После этого мать привела ее домой и сказала Джидже, что Нэссун упала и сильно ударилась. Сдержав слово, она больше никогда не заставляла Нэссун ходить в Конец. Джиджа позже заметил, какой тихой стала Нэссун в тот год. Так и бывает, когда девочки взрослеют, сказала мама.

Нет. Если папа – Джиджа, тогда мама – Иссун.

Шаффа очень спокоен. Однако он теперь знает, что она такое – ребенок столь своенравный, что ее собственной матери пришлось сломать ей руку ради вразумления. Девочка, которую мать никогда не любила, только оттачивала ее, и чей отец снова ее полюбит, только если она совершит невозможное и станет тем, чем она не является.

– Это было неправильно, – говорит Шаффа. Голос его настолько тих, что она едва слышит его. Она с удивленным видом поворачивается к нему. Он смотрит в землю, и лицо его странно. Непривычный блуждающий, растерянный взгляд, что порой у него бывает. Он что-то действительно вспомнил, и сейчас на его лице… вина? Раскаянье. Печаль. – Неправильно причинять боль тому, кого ты любишь, Нэссун.

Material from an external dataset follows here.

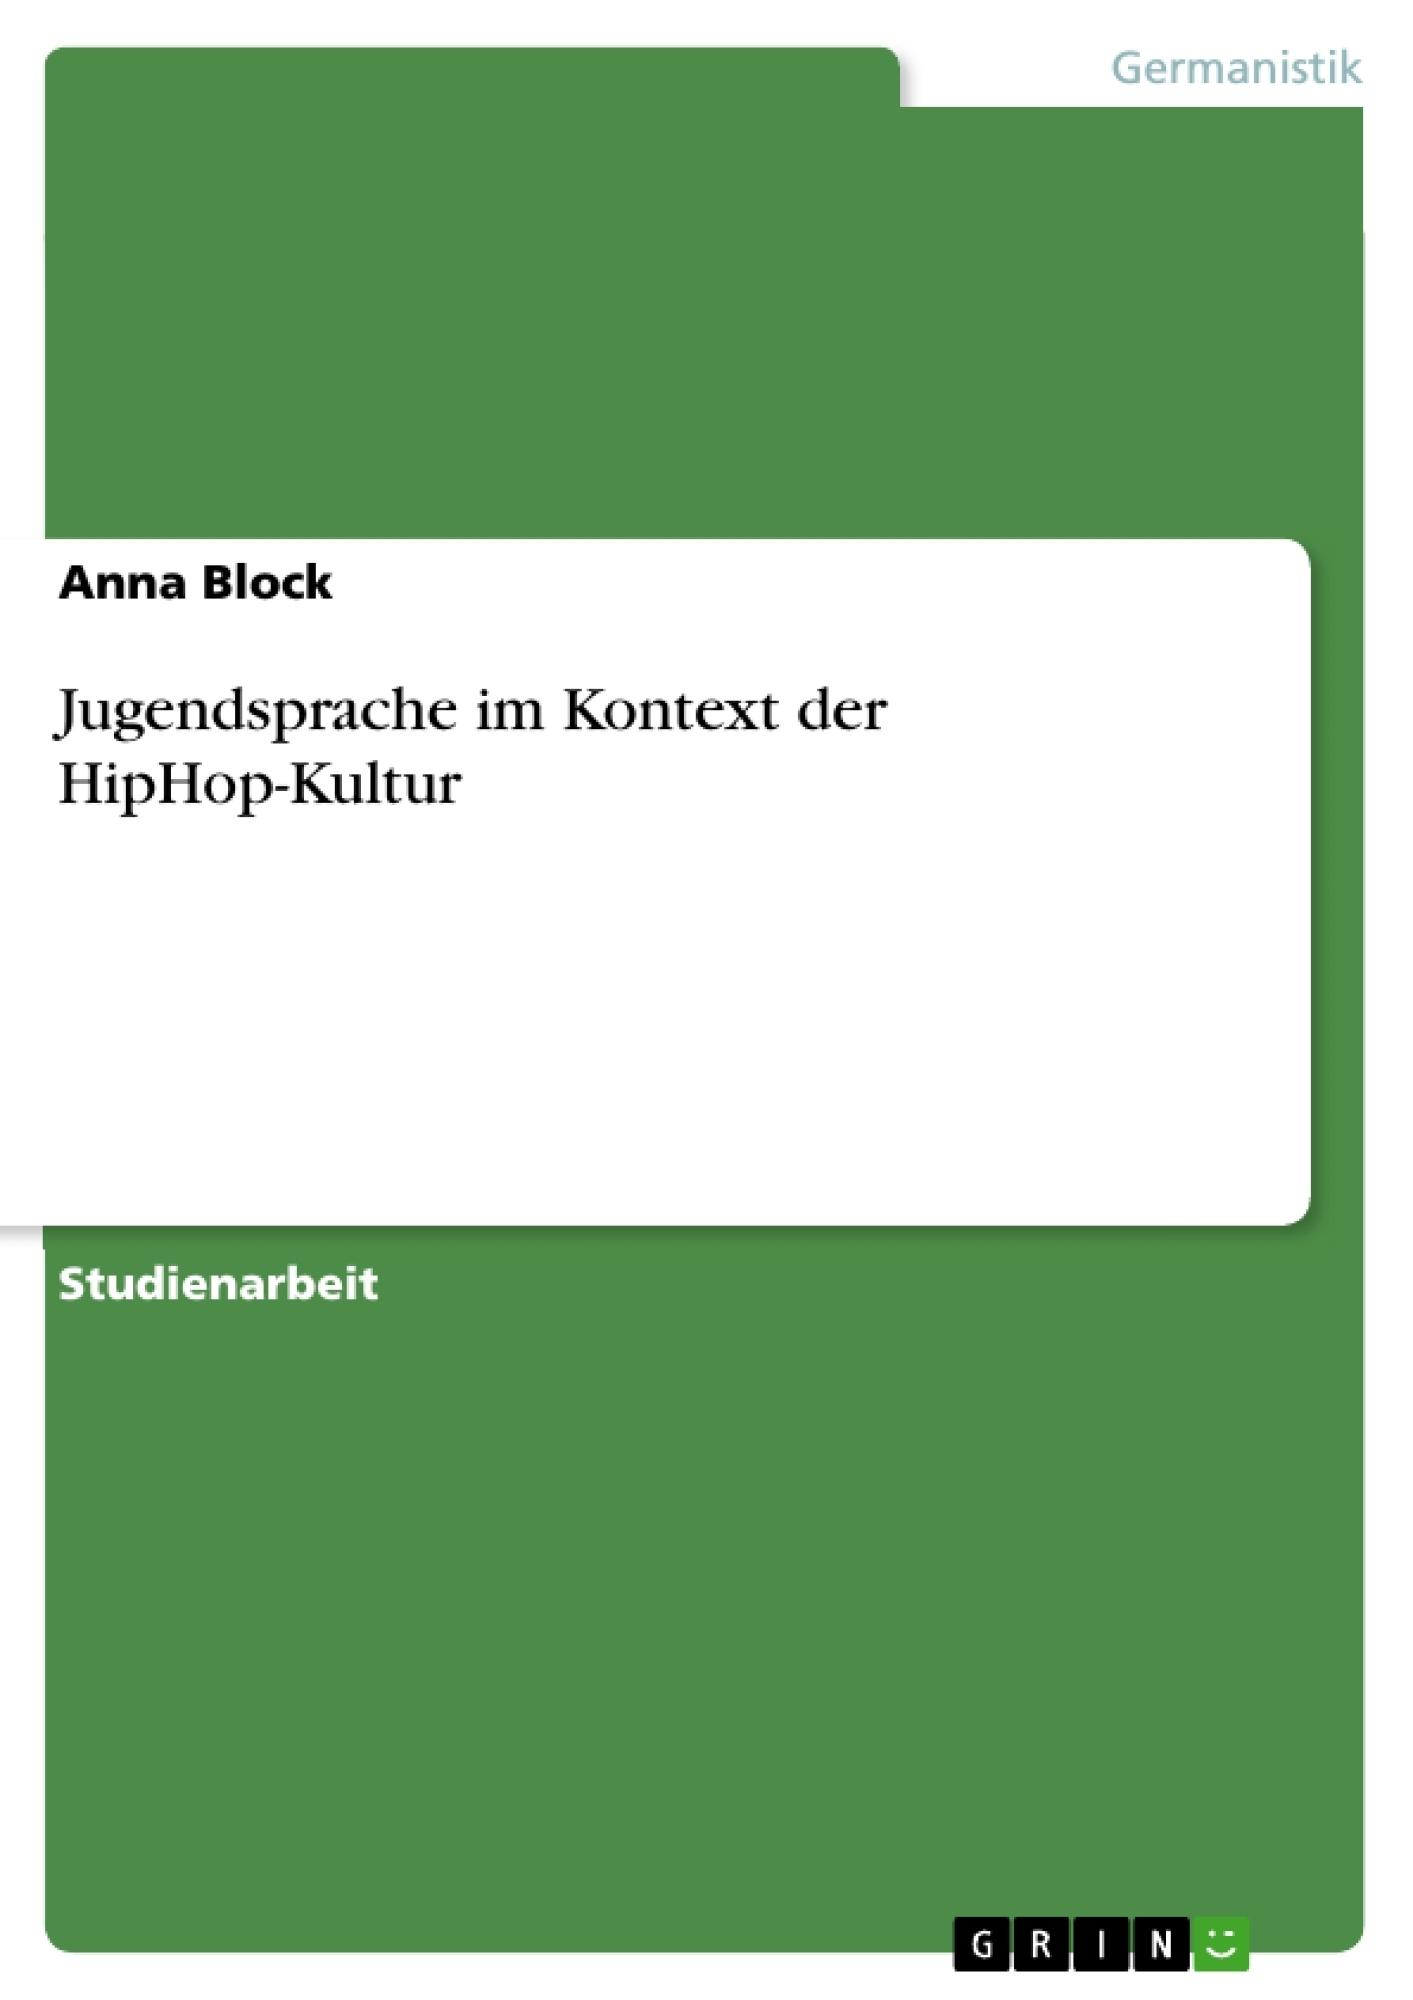 Titel: Jugendsprache im Kontext der HipHop-Kultur

Нэссун изумленно смотрит на него. У нее перехватывает дыхание, и она не замечает этого, пока в груди не начинает гореть, и она вынуждена заставить себя вздохнуть. Неправильно причинять боль тому, кого любишь. Неправильно. Неправильно. Всегда было неправильно. Затем Шаффа протягивает ей руку. Она берет ее. Он тянет, она добровольно падает, и вот она в его руках, он обнимает ее очень крепко, как ее отец не обнимал с тех пор, как убил Уке. В этот момент ей все равно, что Шаффа не может ее любить, раз знает ее всего несколько недель. Она любит его. Она нуждается в нем. Она все для него сделает.

Прижавшись лицом к плечу Шаффы, Нэссун сэссит возобновившиеся серебряные вспышки. На сей раз в контакте с ним она также ощущает слабое сокращение его мышц. Это едва заметная флуктуация и может быть вызвана чем угодно: укусом жука, дрожью на холодном вечернем ветру. Однако она каким-то образом понимает, что это боль. Нахмурившись, прижавшись лицом к его форме, Нэссун осторожно тянется к тому странному месту в затылке Шаффы, откуда идут серебряные нити. Они какие-то голодные, эти нити; когда она приближается, они лижут ее, что-то ищут. Заинтригованная, Нэссун касается их и сэссит… что? Легкий рывок. Затем она устает.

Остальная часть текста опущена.